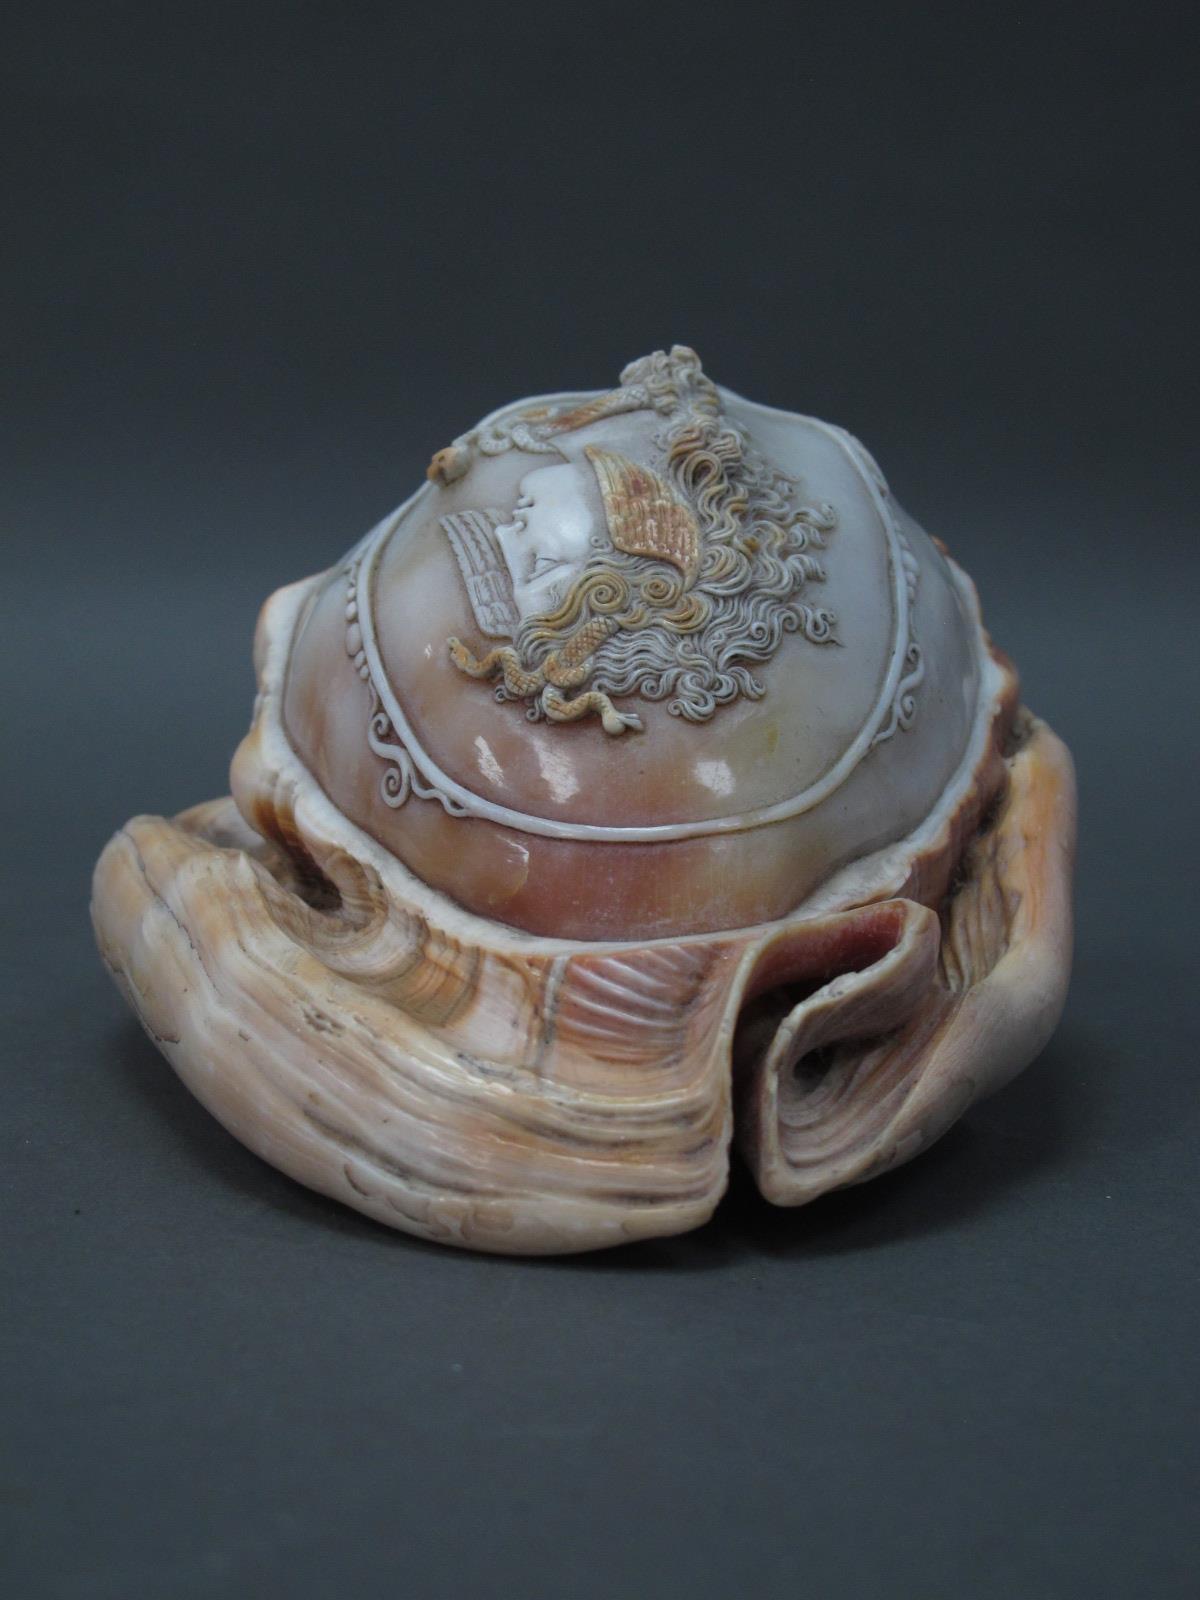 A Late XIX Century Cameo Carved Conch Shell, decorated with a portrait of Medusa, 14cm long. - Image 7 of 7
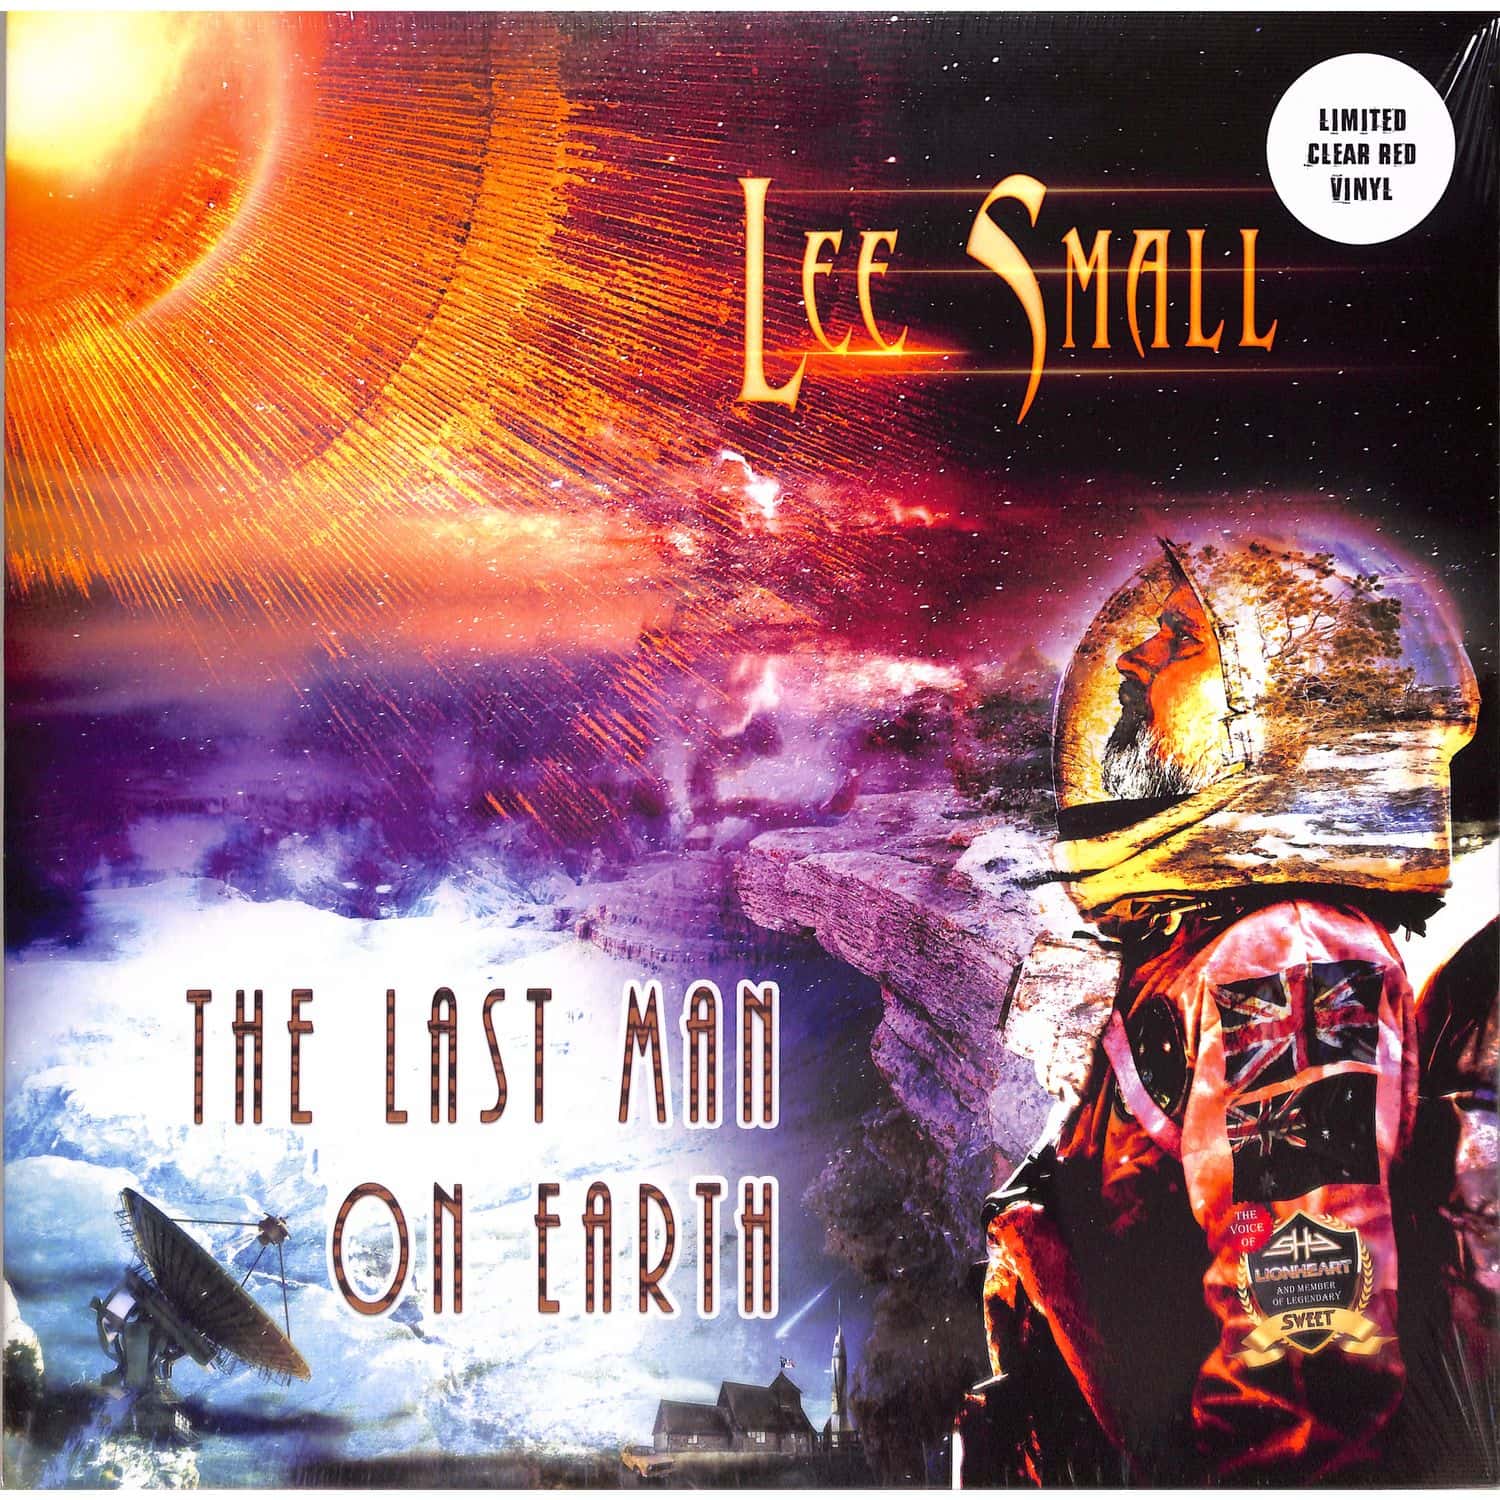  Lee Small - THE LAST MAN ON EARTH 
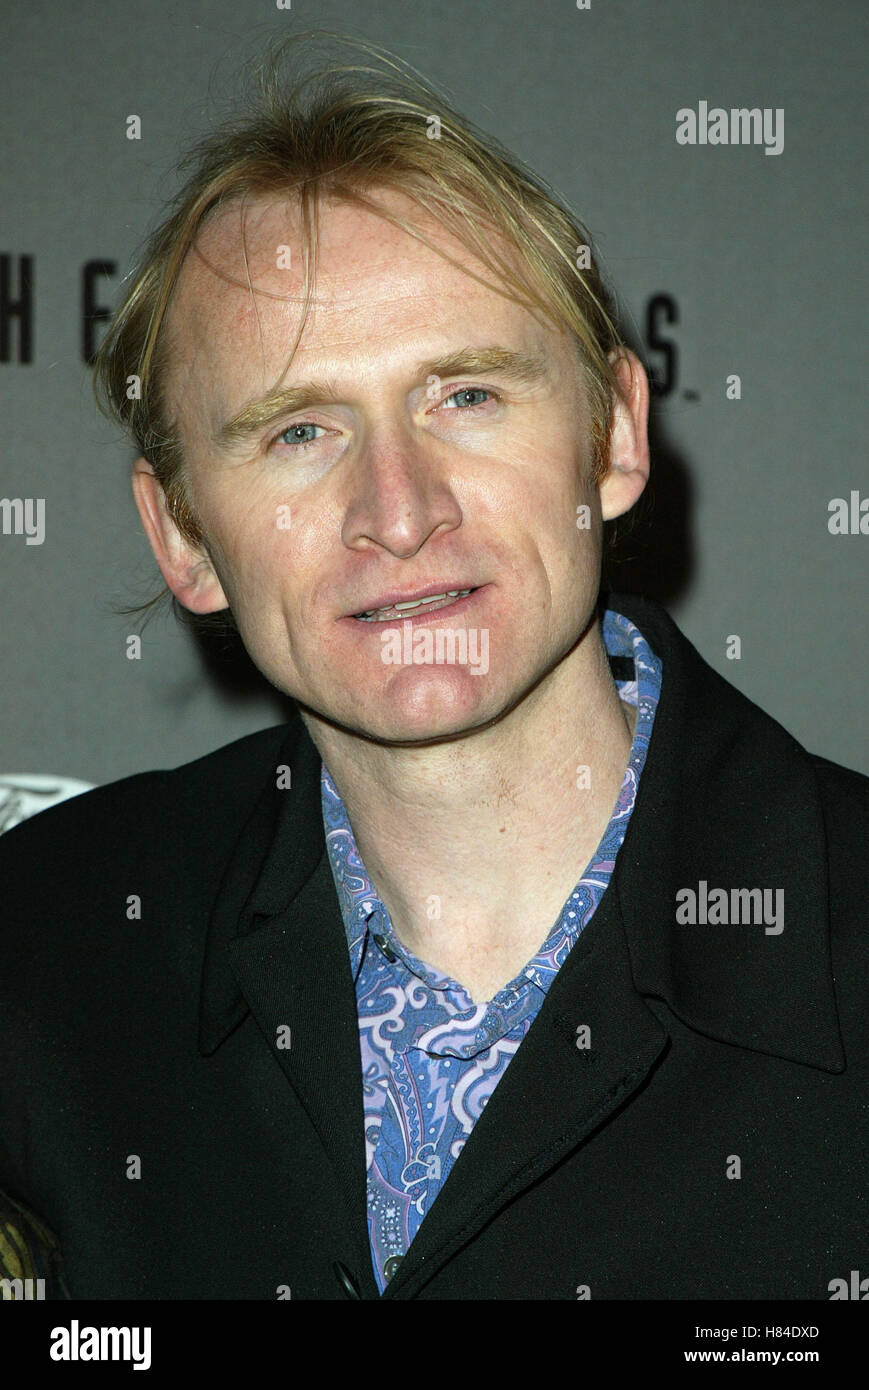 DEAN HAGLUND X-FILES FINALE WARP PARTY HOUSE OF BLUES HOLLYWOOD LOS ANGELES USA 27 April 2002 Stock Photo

▶ [AIM OF THE TASK]:
If pictures appear in the data, omit them and copy all other parts exactly.

▶ [SOLUTION TO THIS PROBLEM]:
 A Late XIX Century Cameo Carved Conch Shell, decorated with a portrait of Medusa, 14cm long. - Image 7 of 7
  Lee Small - THE LAST MAN ON EARTH 
 DEAN HAGLUND X-FILES FINALE WARP PARTY HOUSE OF BLUES HOLLYWOOD LOS ANGELES USA 27 April 2002 Stock Photo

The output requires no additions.